The article below is partially outdated as on 15th March 2023, the Chancellor announced in his Spring Budget that the Super-deduction capital allowance would now be replaced with “Full Expensing” for the 3 years period from 1st April 2023 to 31st March 2026. However the special rate capital allowance will be extended for the same three year period
In March 2021 Chancellor, Rishi Sunak, announced a new Super-deduction and a First Year Allowance as a way of encouraging businesses to invest in new plant and machinery as well as long life and integral features, helping to further grow investment in the UK.
The Super-deduction is a 130% first-year capital allowance that allows businesses to deduct 130% of the cost of qualifying expenditure against their taxable profits.
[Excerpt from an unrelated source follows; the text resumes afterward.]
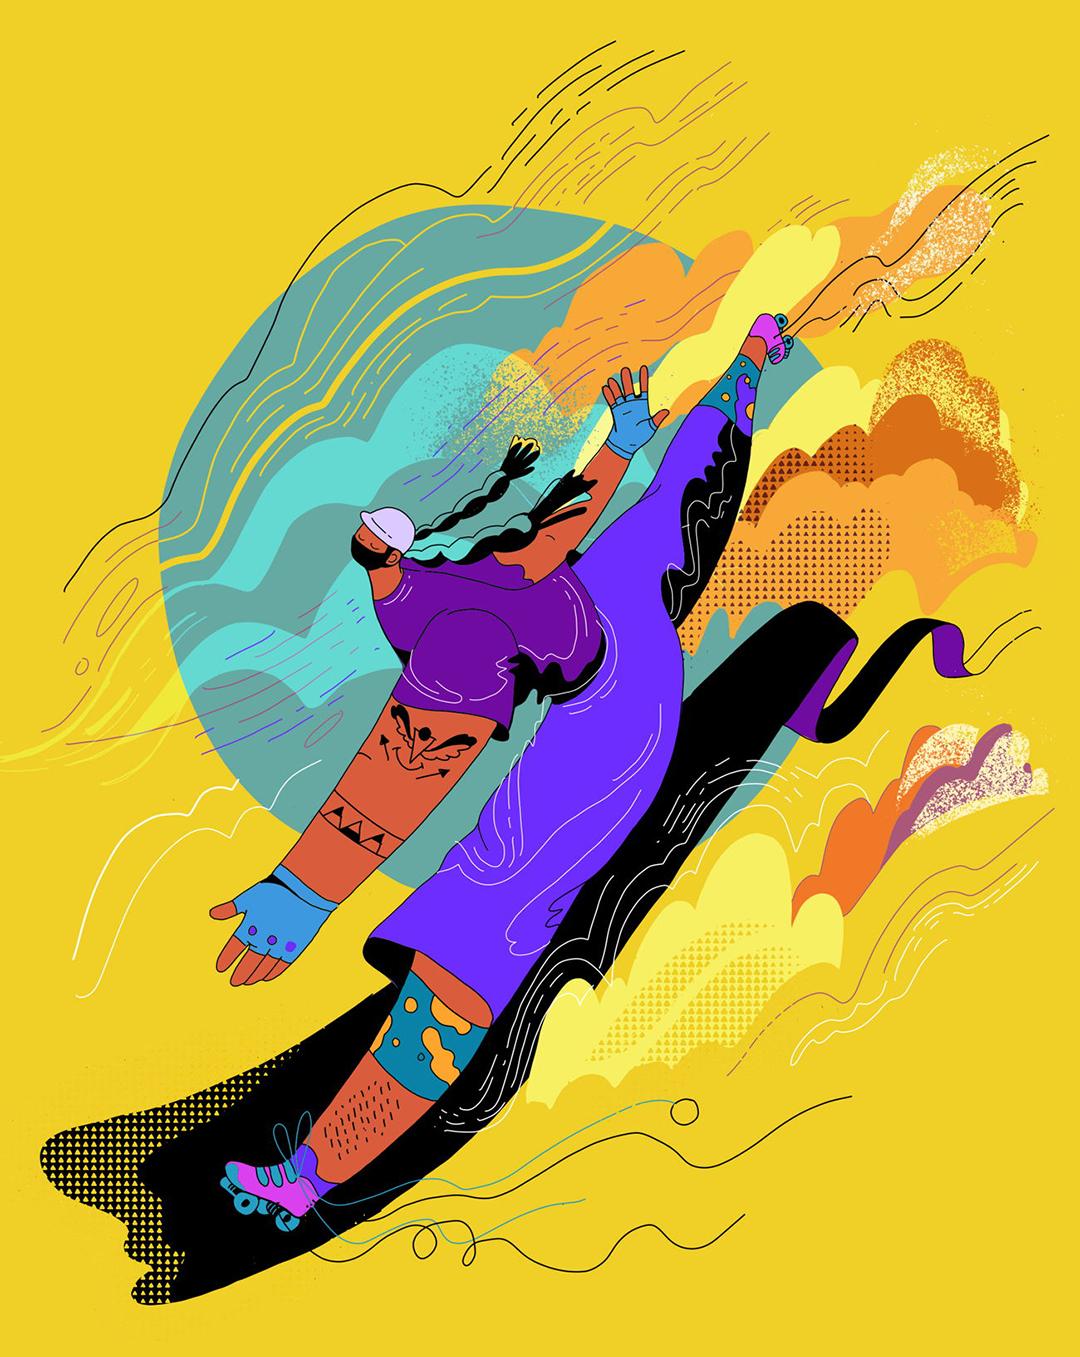 GirlsclubAsia-Illustration-Animation-Lilian Darmono-Skater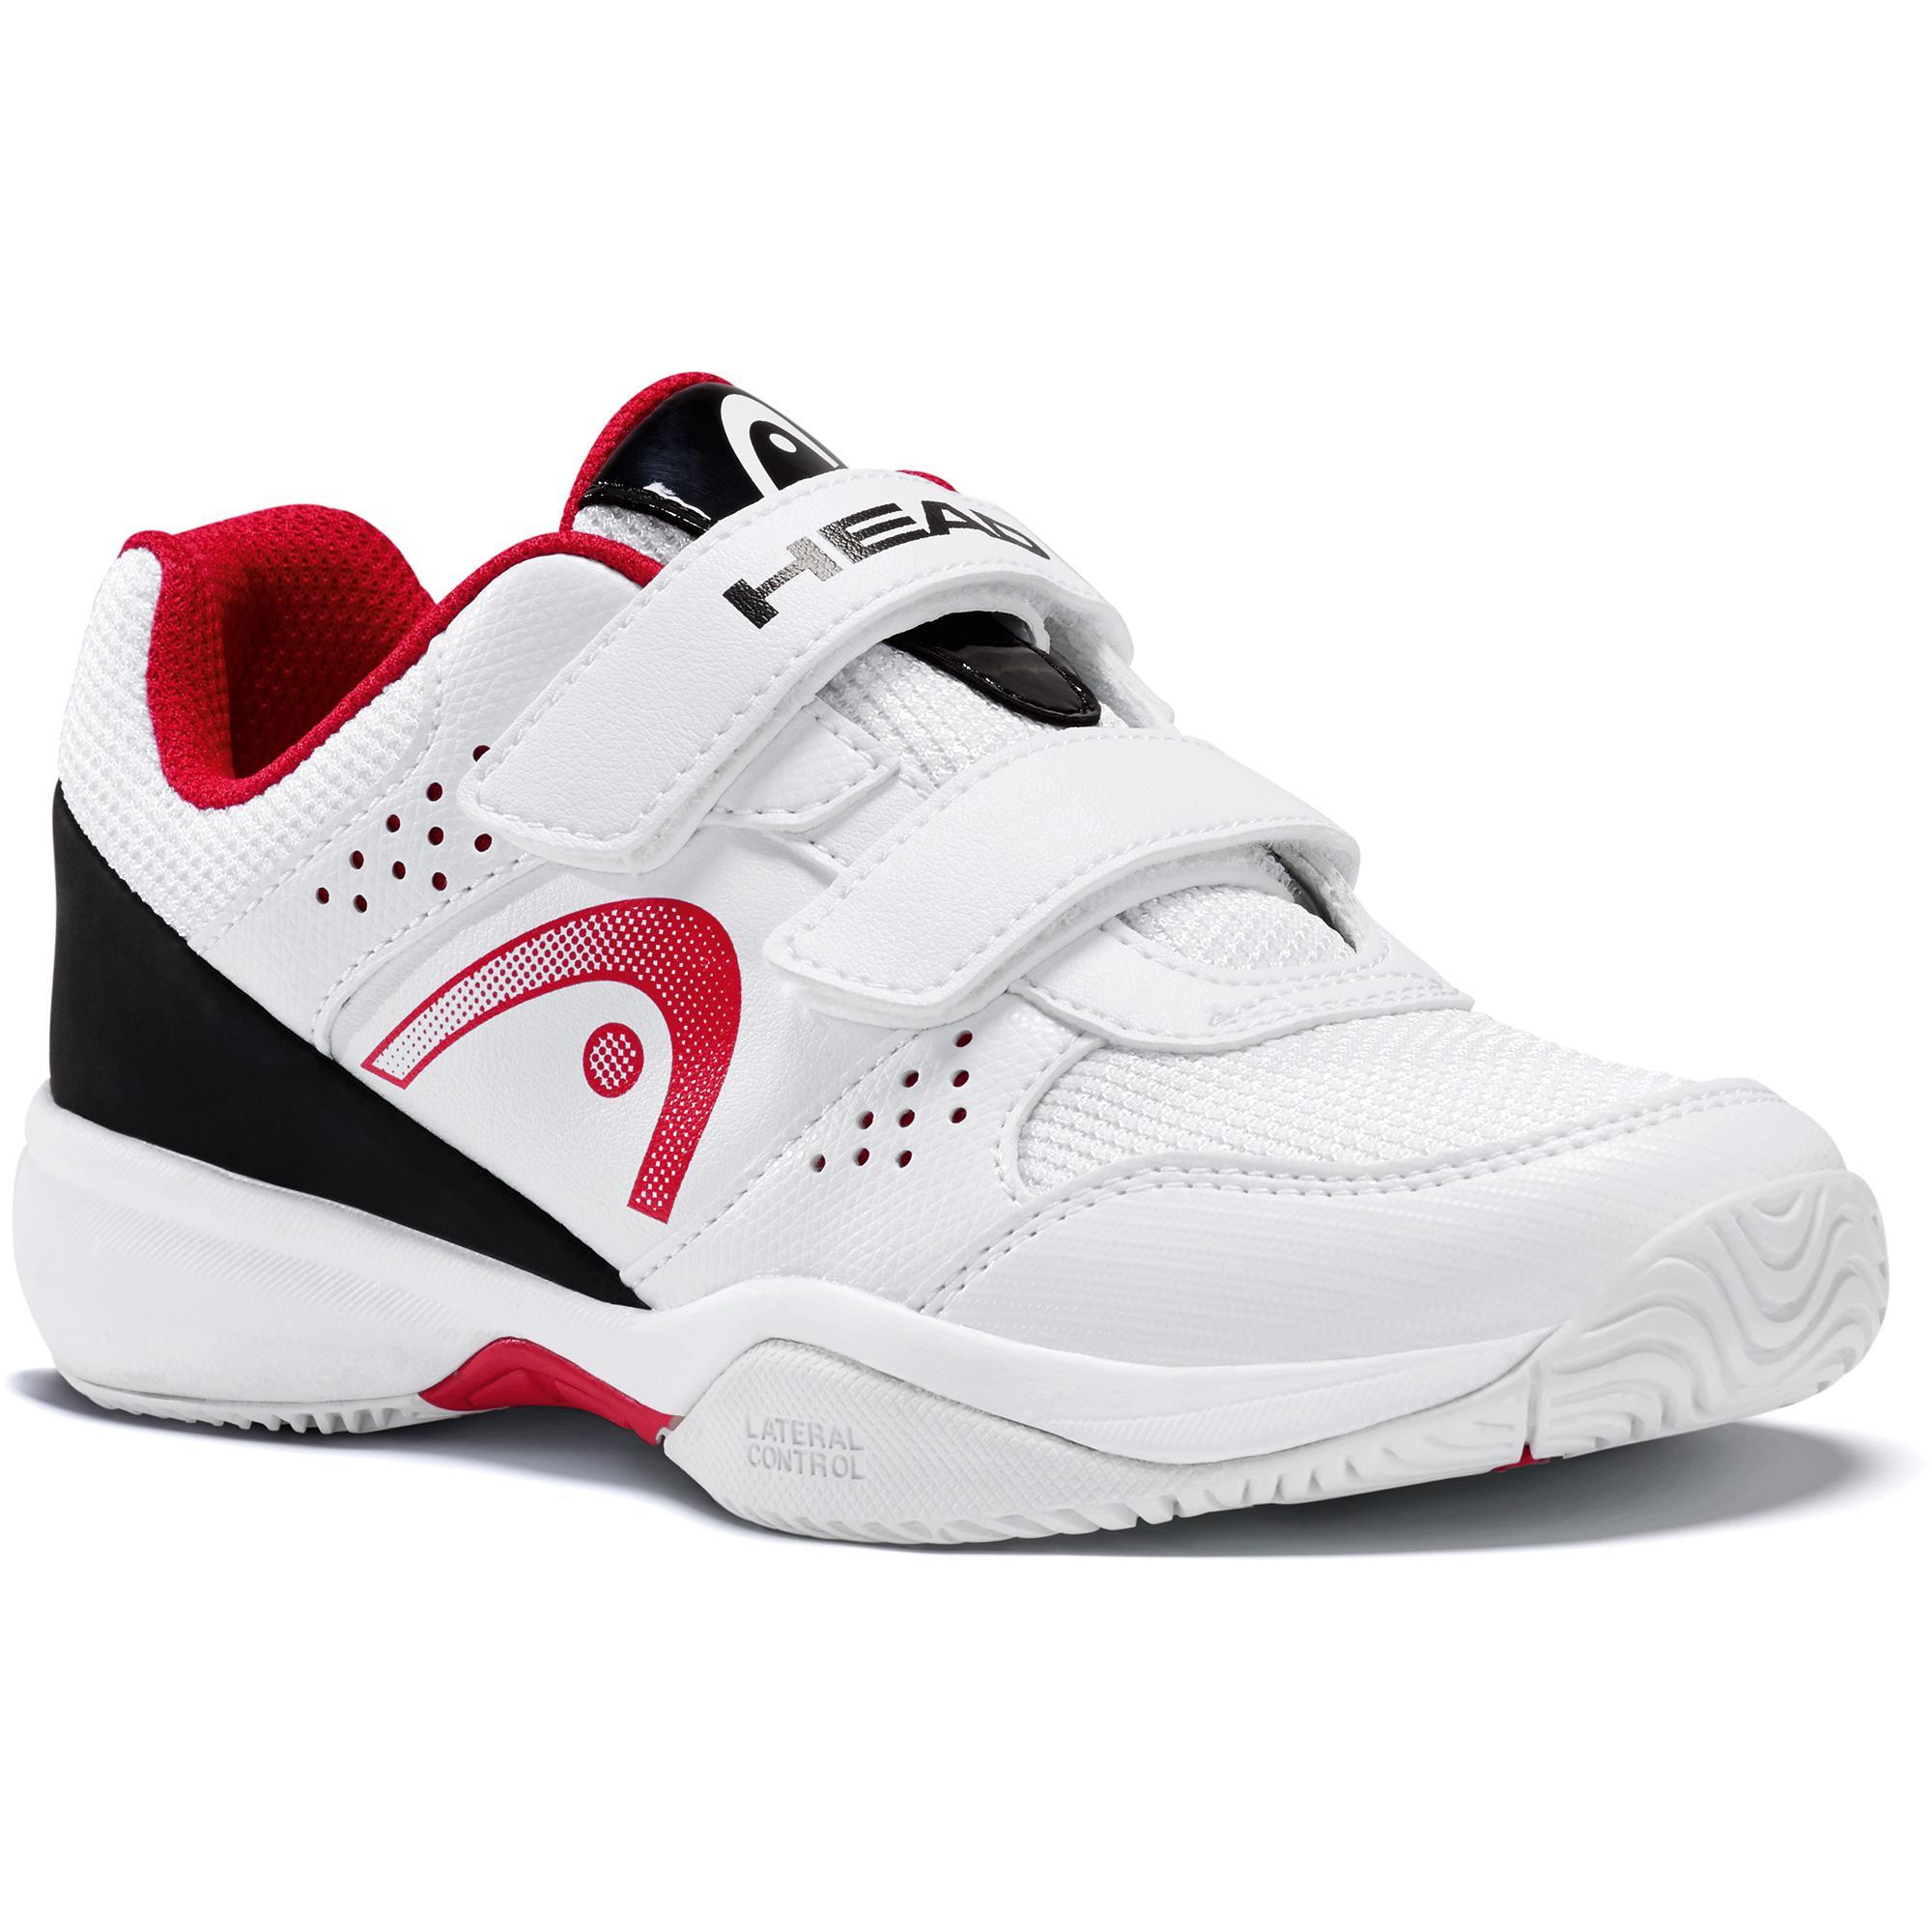 26322f5a5 Кроссовки для тенниса детские Head, Детские теннисные кроссовки Head, Купить,  Цена

The First Year Allowance for qualifying special rate assets allows businesses to deduct 50% of the cost of qualifying long-life assets and integral features against their taxable profits.
The expenditure on plant and machinery that would qualify for the 130% deduction is exhaustive.
Examples of qualifying plant and machinery include:
The First Year Allowance for qualifying special rate assets includes machinery and equipment that is an integral feature to a building or structure, such as:
In order to qualify as capital investment, the plant and machinery must be new and is only applicable on expenditure between 1st April 2021 and 31st March 2023.
The new super-deduction and special rate deductions are only applicable to companies who are liable to corporation tax. Unincorporated business such as sole traders, partnerships or LLPs cannot claim, however the Annual Investment Allowance (AIA) is still available to them.
There is no limit on the amount of capital investment that can qualify for the super deduction or special rate deduction, unlike the Annual Investment Allowance which has a cap of £1m on qualifying expenditure.
The allowance can be valuable to a great number of sectors such as agriculture, construction, restaurants and hotels, industries where plant and machinery comprising large value items is purchased.
For example, if a company chose to install several new electric vehicle charging points on their site at a cost of £150,000 and decided to claim the super-deduction, it would mean that the company could deduct £195,000 (130% of £150,000) from its taxable profits.
With a corporation tax rate of 19% this financial year (2022/23) it would result in a tax saving of £37,050.
When deciding on the most tax-efficient way to deal with capital allowances, businesses will need to balance their needs and wishes against their current cash flow. This requires careful forecasting to ensure that your business makes the right decisions.
For help and advice on all capital allowance claims and tax implications on major capital expenditure contact us at Friend Partnership.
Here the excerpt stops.